Get a New Grain: Millet

I love millet, so it throws me when, more than with any other grain it seems, people scrunch up their noses when I mention it. In an effort to remedy this, I’m going to wax on a bit about why I adore it. First off, it’s a quick-cooking grain; on your plate in just 20 minutes. Second, it’s like vanilla ice cream: good on its own, yet still a blank canvas for whatever you want to make it. Third, its texture is lovely—and versatile; you can make it fluffy like a pilaf, or sticky like sticky rice. And last but not least, it’s incredibly nutritious, packing a good dose of protein and vitamin B along with minerals like iron and manganese.

Those four reasons should be enough to inspire you to read further. After you do, let me know what you love about millet!

millet-whole-grain

What it Looks Like: Millet looks like butter-colored—the really intensely yellow of French butter–beads.

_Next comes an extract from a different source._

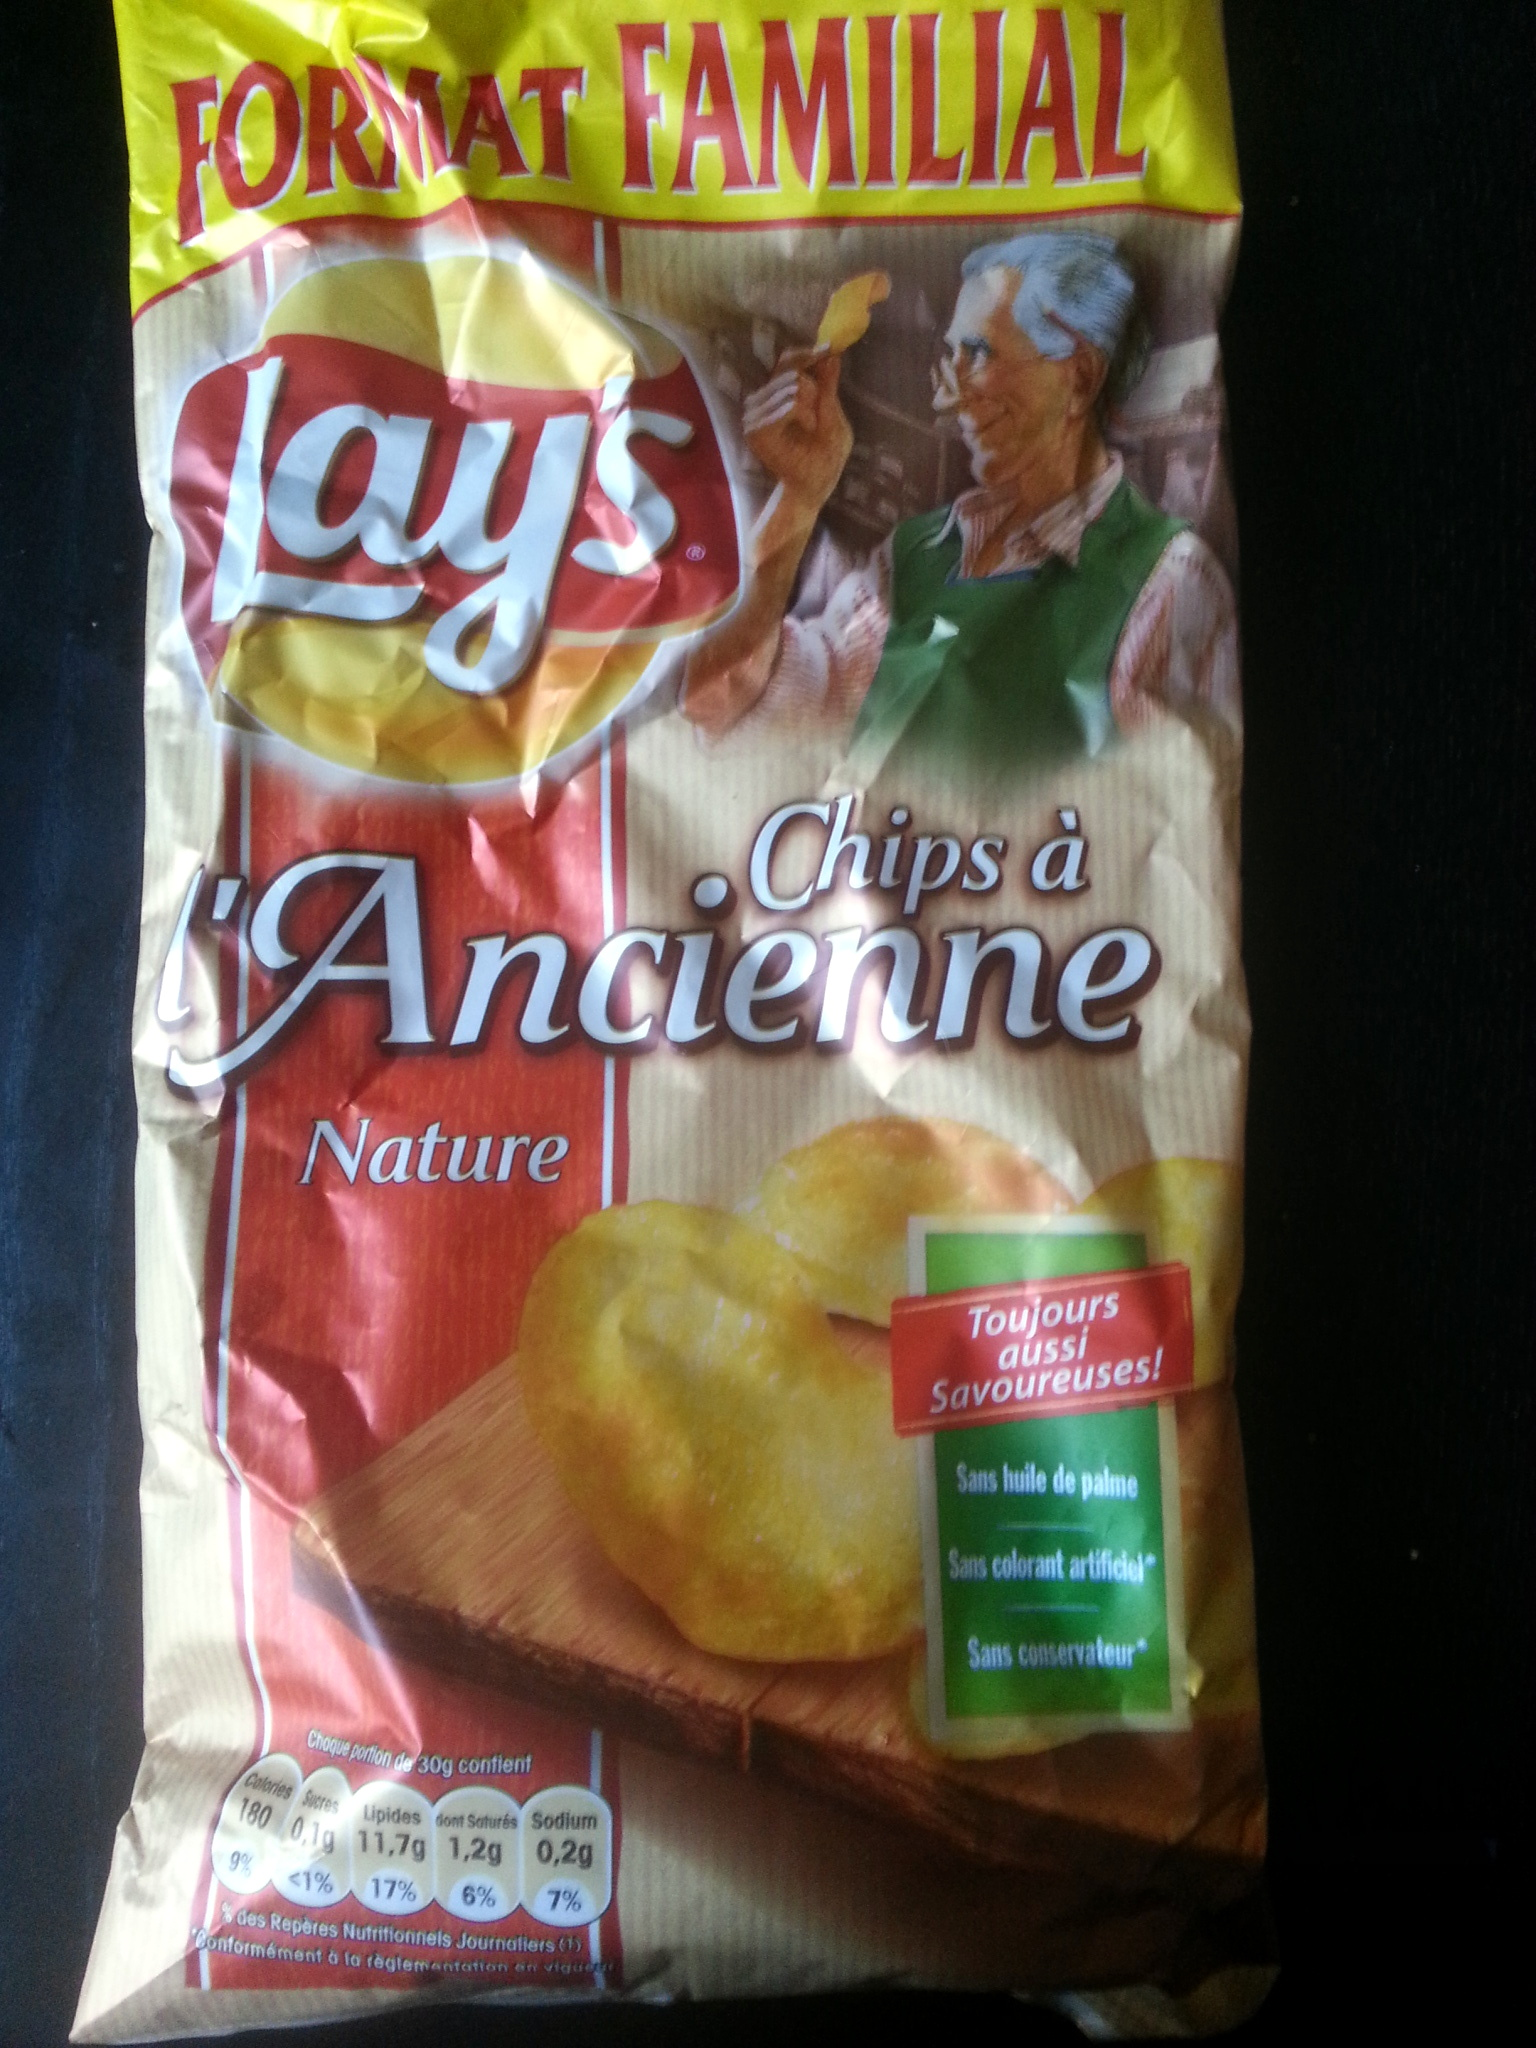 Chips à l'ancienne Nature (format familial) - Produit - fr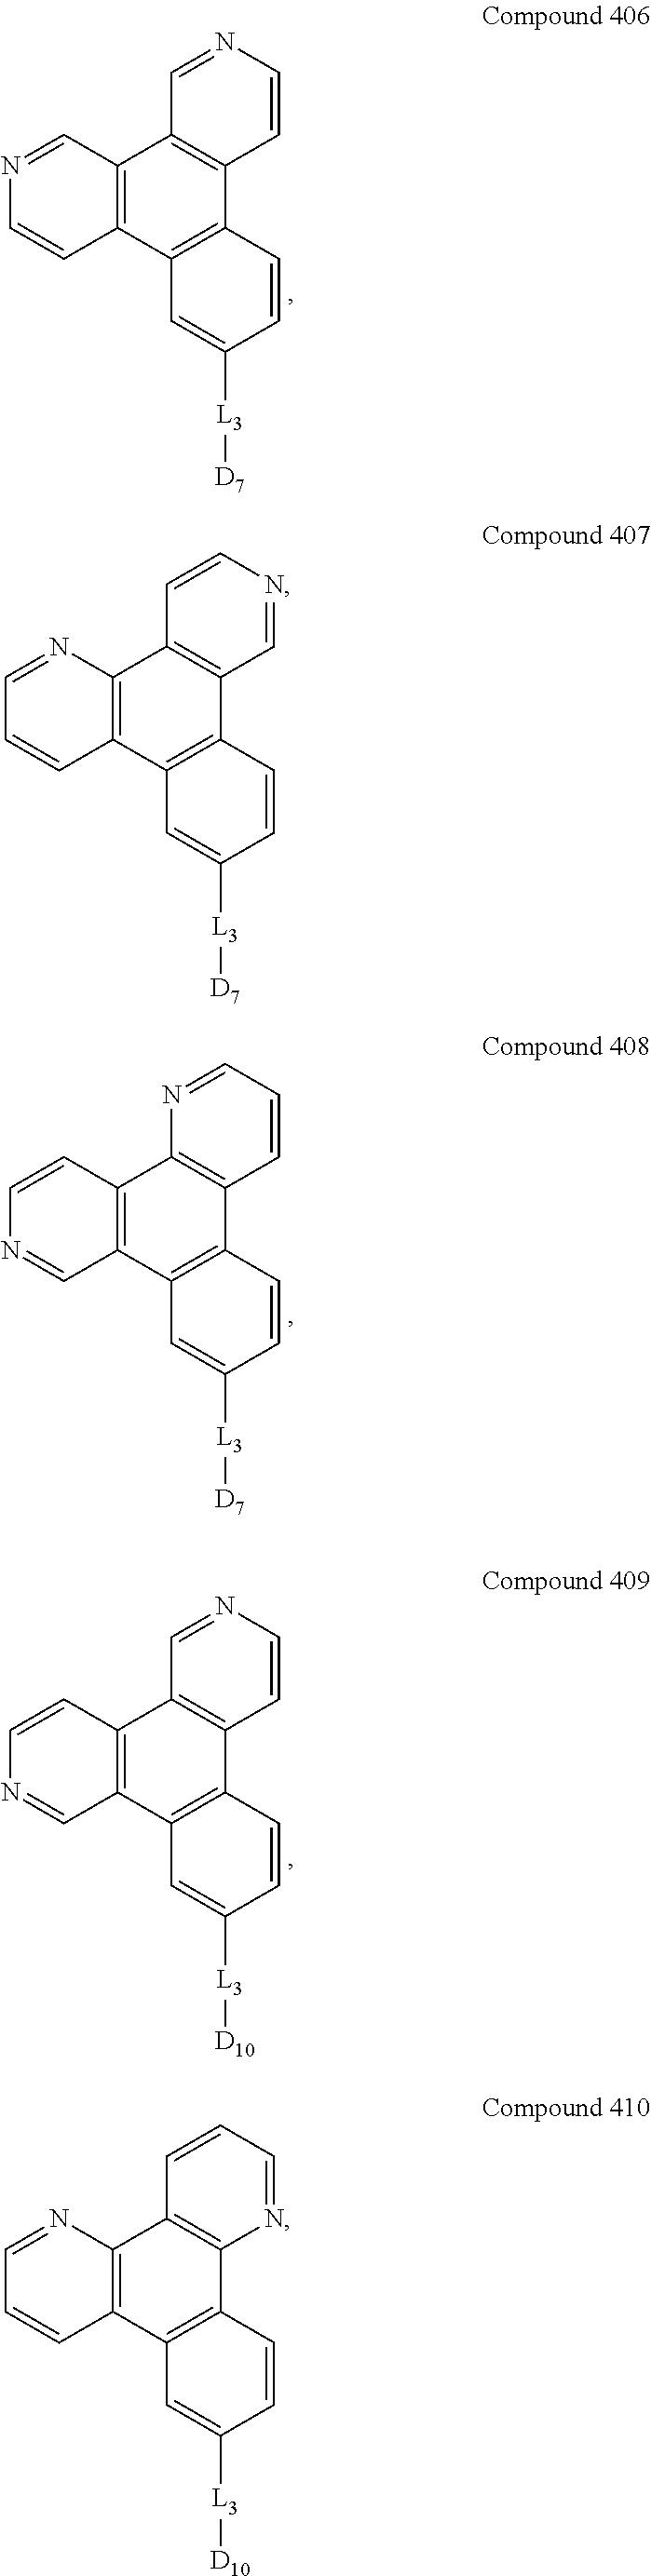 Figure US09537106-20170103-C00237

What it Tastes Like: Taste-wise, I find millet to be about the same “neutral but with a pleasing flavor’”as a basic brown rice. Texture-wise, as I mentioned above, millet can vary from fluffy and almost poppy (as in it sort of bursts to the bite) to somewhat dense and sticky.

How to Cook it: As with many grains, millet takes on a deeper flavor and retains its integrity better if you toast it in a bit of fat in the pot before boiling (skip this step, though, if you want to the millet to be sticky). Then add 2-1/2 cups liquid (with millet, I like to use some sort of flavorful broth) to 1 cup millet. Bring to a boil, cover, reduce the heat and simmer for 15 minutes. Finish by letting the millet stand, covered, for 5 minutes and fluffing before serving.

How to Use it: I like to use millet as a stand-in for rice in baked one-pot dishes, like the Cuban-Style Millet con Pollo below. Sticky millet makes a fun crust for savory pies and casseroles.

Additional Notes: Like many whole grains, millet can go rancid quickly in the cupboard. It’s best to buy it in smaller quantities (from the bulk bin is fine … although sniff it to make sure it doesn’t smell bitter) and keep it in the freezer. Another big note—millet is gluten free.